First we need to read in the data to transform it to be model ready. This involves converting categorical variables such as `Utilities` and `LotShape` into one hot encoded vectors that can be read by a model. First things first we'll read in the data set from our local directory.

In [None]:
dat = pd.read_csv("../input/house-prices-advanced-regression-techniques/train.csv")

In [None]:
dat = dat.drop('Id', axis=1)

In [None]:
dat.head()

With the data set loaded we need to identify the categorical data from the numeric data, as the categorical data will need to be transformed in some manner before prediction (It's good practice to transform the numeric data too, either to standardize it or for identifying outliers).

In [None]:
# Identify numerical data type columns
num_cols = list(dat.columns[dat.dtypes == np.int64])
num_cols += list(dat.columns[dat.dtypes == np.float64])

In [None]:
# Identify categorical data type columns
cat_cols = list(dat.columns[dat.dtypes == object])

# Handle Missing Values
With our categorical and numeric data seperated, we need to address the issue of missing values within the data set. We'll start by looking at what variables have missing data and how much.

In [None]:
# Quantify amount of missing data
null_values = (np.sum(dat.isna()))[np.sum(dat.isna()) > 0]
prop = (np.sum(dat.isna()) / dat.shape[0])[np.sum(dat.isna()) > 0] * 100
missing_data = pd.concat([null_values, prop], axis=1, keys=['Total', 'Percentage'])
missing_data.sort_values(by='Total', ascending=False)

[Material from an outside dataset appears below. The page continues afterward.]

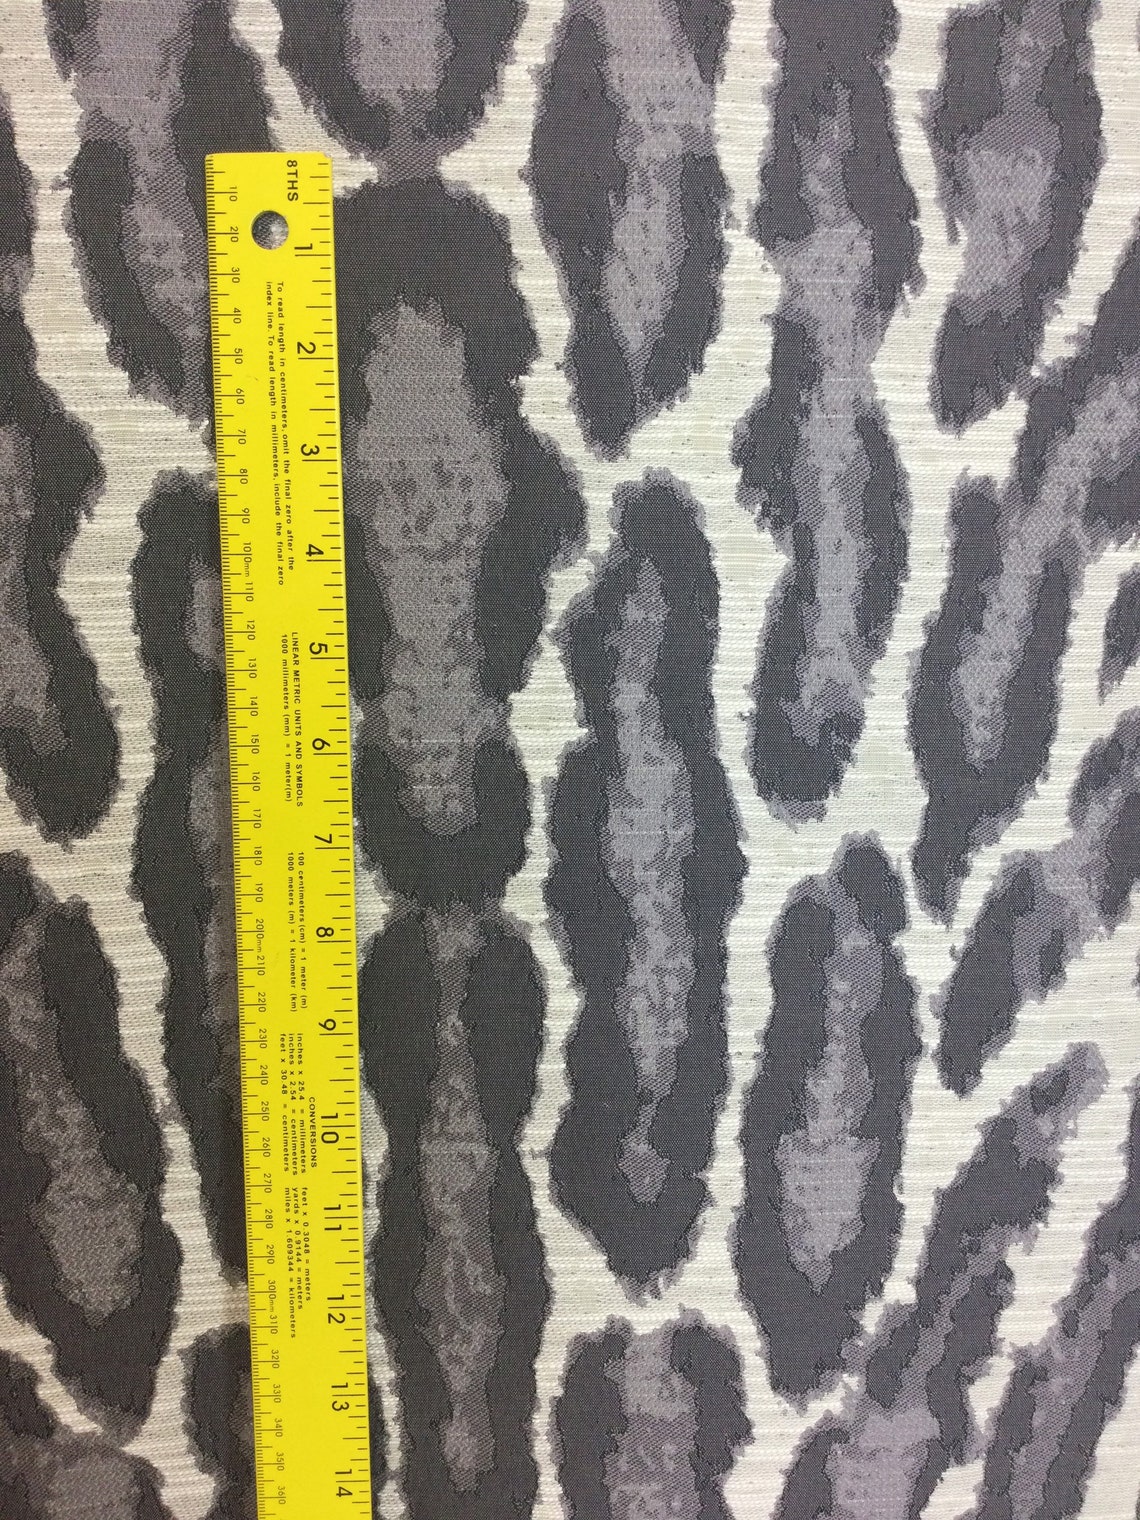 Ocelot Gray Big Cat Animal Print Exotic Animal Fabric | Etsy

Variables such as `PoolQC` or `MiscFeature` are more missing values than they are observed values for whatever reason. We can impute missing data using a variety of techniques, in this case we'll drop variables with a large amount of missing data as they don't provide much information.

In [None]:
drops = ['Alley', 'PoolQC', 'Fence', 'FireplaceQu', 'MiscFeature', 'SalePrice']

In [None]:
cat_cols = list(set(cat_cols) - set(drops))
num_cols = list(set(num_cols) - set(drops))

In [None]:
cat_categories = []
for c in cat_cols:
    cat_categories.append(list(set(dat[c])))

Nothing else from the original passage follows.